An extensive workup (Table 2) for the cause of his pulmonary lesions was undertaken, which failed to identify infectious, malignant, or autoimmune etiologies for his respiratory failure. Laboratory studies revealed all of the following investigations to be negative: HIV test, Legionella and streptococcal urinary antigen, Mycoplasma IgM antibody, influenza A and B (ELISA), RSV testing by PCR, coccidioidomycosis serology, and final blood cultures. Hence, an infectious etiology appeared to be unlikely. A normal ESR, ANA, ANCA, and complement levels effectively ruled out vasculitis or an autoimmune process. Tumor marker levels (bHCG and alpha-fetoprotein) for metastatic testicular cancer were also unremarkable. A two-dimensional echocardiogram revealed a normal ejection fraction (60–65 %) and no other abnormalities.

Table 2.

Inpatient laboratory data

Test Result
HIV Non-reactive
Legionella urinary antigen Negative
Streptococcal urinary antigen Negative
Mycoplasma Ig M antibody Negative
Influenza A and B (EIA and PCR) Negative
RSV by PCR Negative
ESR Negative
Blood cultures Negative
ANA (anti-neutrophil antibody) test Not detected
ANCA (anti-neutrophil cytoplasmic antibodies) <1:20
Complement (C3) 93.5 (80–170 mg/dl)
Complement (C4) 21.6 (12–36 mg/dl)
Beta HCG level <1 (0–3 IU/L)
Alpha-fetoprotein level 1 (0–9 ng/ml)
Coccididomycosis serology (complement fixation and immunodiffusion) Negative
2-D echocardiogram Ejection fraction 60–65 % , no other abnormalities
Broncho-alveolar lavage (BAL) cell count from left upper lobe Polymorph nuclear cells, 49 %; lymphocytes, 8 %; macrophages, 43 %; no eosinophils
Broncho-alveolar lavage (BAL) gram stain, acid-fast bacilli (AFB) stain and culture, fungal smear and culture, and viral cultures Negative
Cytology Scattered pulmonary macrophages containing refractile brown pigment of non-ferrous origin on iron-specific staining. No malignant cells; hemosiderin-laden macrophages <1 %
Pathology Carcinoid tumorlett (consistent with non-specific bronchitis)
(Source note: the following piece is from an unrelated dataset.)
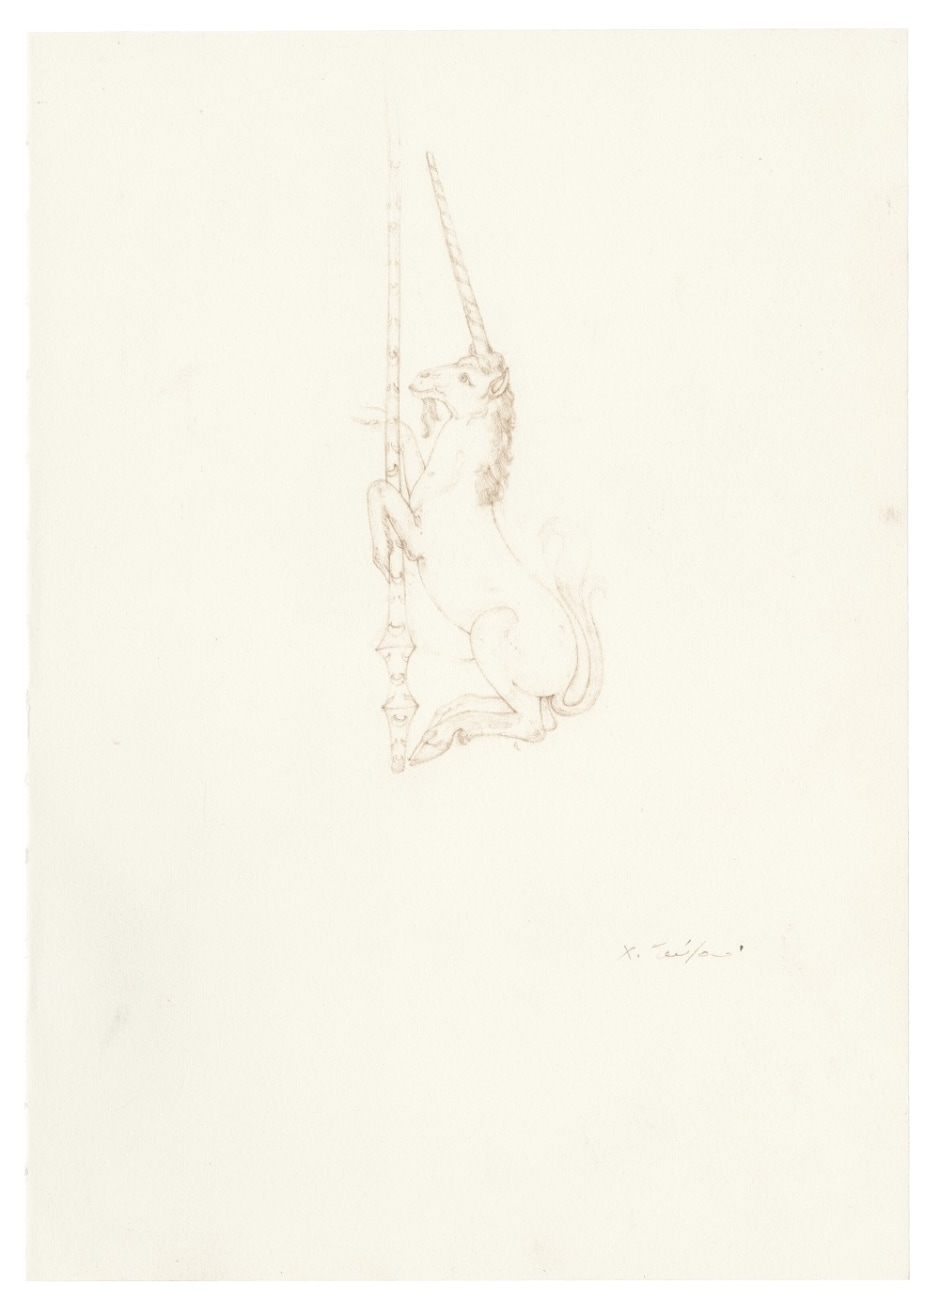 Small licorne, 2015  colour pencil on paper  site size: 29.6 x 21 cm / 11 ⅝ x 8 ¼ in

Broncho-alveolar lavage (BAL) with transbronchial biopsies resulted in a non-clearing crimson fluid which did not clear with repeat washings. Histologic analysis revealed lymphocytic infiltrate, and iron-specific cytochemical staining revealed numerous macrophages containing a refractile brown pigment (Fig. 3a, b) that was non-ferruginous in origin. This suggested a process distinct from alveolar hemorrhage with hemosiderin formation. The cell count from the BAL fluid was as follows: polymorphonuclear cells, 49; lymphocytes, 8; macrophages, 43; and no eosinophils. The BAL Gram stain, AFB stains and cultures, fungal smear and culture, and viral cultures were all unremarkable.

Fig. 3.

Fig. 3

Repeat CT scan hospital day 6

Further questioning of his wife, relatives, and workplace supervisors revealed that he had been employed as an aviation mechanic for the military for the prior 2 years, with work-related travel to Afghanistan, Indonesia, and the Middle East, but no known hazardous occupational exposures or close contact with infected persons. The travel history prompted an extensive negative workup for unusual infections, as outlined above. He had smoked one-half pack of regular cigarettes daily, with occasional alcohol and frequent (nearly daily) marijuana use. It also emerged that over the prior 4 months, the patient had smoked synthetic cannabinoids in the form of multiple brands of “Spice” products. His typical habit was to combine and smoke several different Spice products into a pipe or bong (Fig. 4a, b are specimens of unopened packets from his “herbal incense” collection).

Fig. 4.

Fig. 4

Chest X-ray at discharge (hospital day 8)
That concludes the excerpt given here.